Jehiel Beman married Fannie Congdon (also spelled Condol) by 1808, and they had seven children. Beman worked as a shoemaker, along with his son Leverett.

In the spring of 1830, the family moved to Middletown, Connecticut. His wife Fanny died on August 11, 1830. Three months later, on October 20, 1830, Beman married Nancy Scott in New Haven, Connecticut.

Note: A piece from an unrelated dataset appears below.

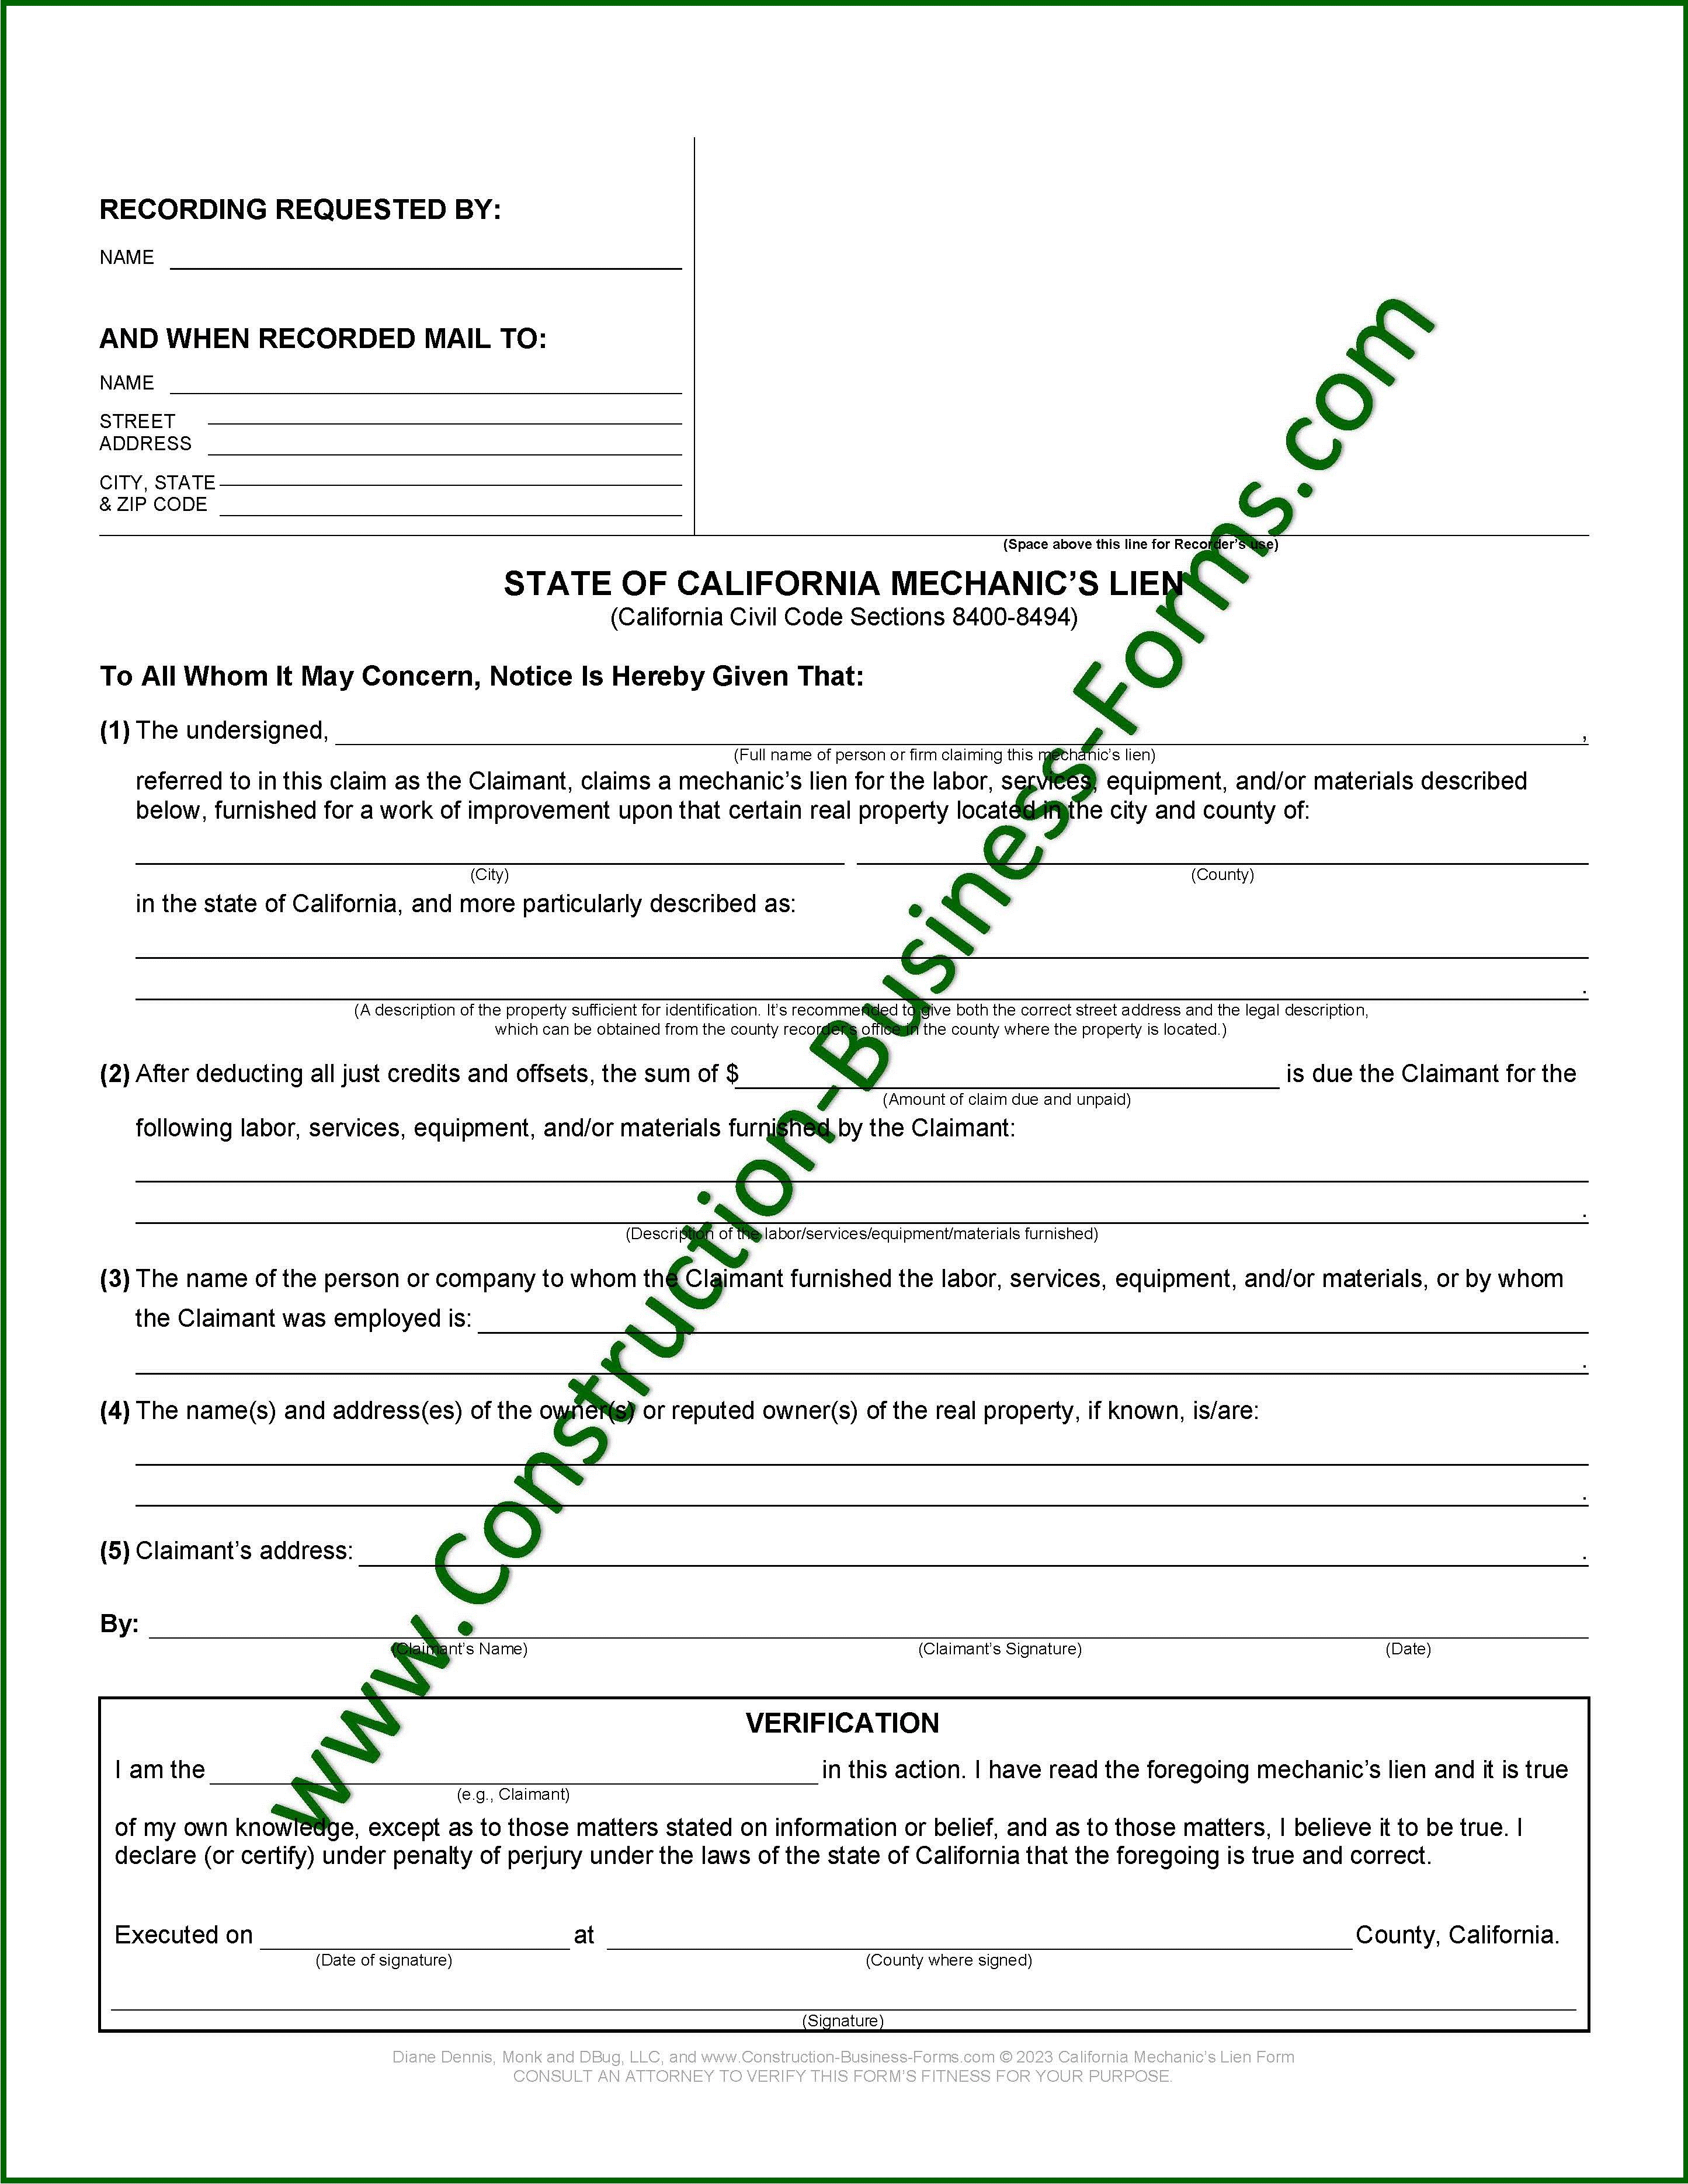 Image of, and link to, mechanics lien form.

In Middleton, Beman served as minister for the African Church of Cross Street (now known as the AME Zion Church) from 1830 to 1832. In 1833, he founded a Home Temperance Society in Middletown, and in 1836, he founded the Connecticut State Temperance Society of Colored People. He also began collecting funds to found a Negro College in New Haven, though public opposition to the plan meant no such college was built there. In 1834, he founded the northern Anti-Slavery Society, and his wife Nancy and daughter-in-law Clarissa Campbell (married to Leverett) founded the Colored Female Anti-Slavery Society. Jehiel was also a proponent of voting rights.

He traveled throughout the northeastern states on behalf of these causes, giving speeches, raising funds, and organizing. His writing was frequently published in Lloyd Garrison's The Liberator. His younger son, the Rev. Amos Beman, often collaborated with him in these efforts.

In 1838, Jehiel and Nancy moved to Boston, where he became pastor of Zion's Church.

Jehiel and Nancy moved back to Middletown in 1854, where they were agents on the Underground Railroad. His wife Nancy died in October 15, 1856 in Middletown.

== Death and legacy ==
Beman died in New York City on December 27, 1858, and he was buried in Middletown, Connecticut.

In 2021, the Beman Middle School opened in Middletown, Connecticut, was named in honor of the Beman family.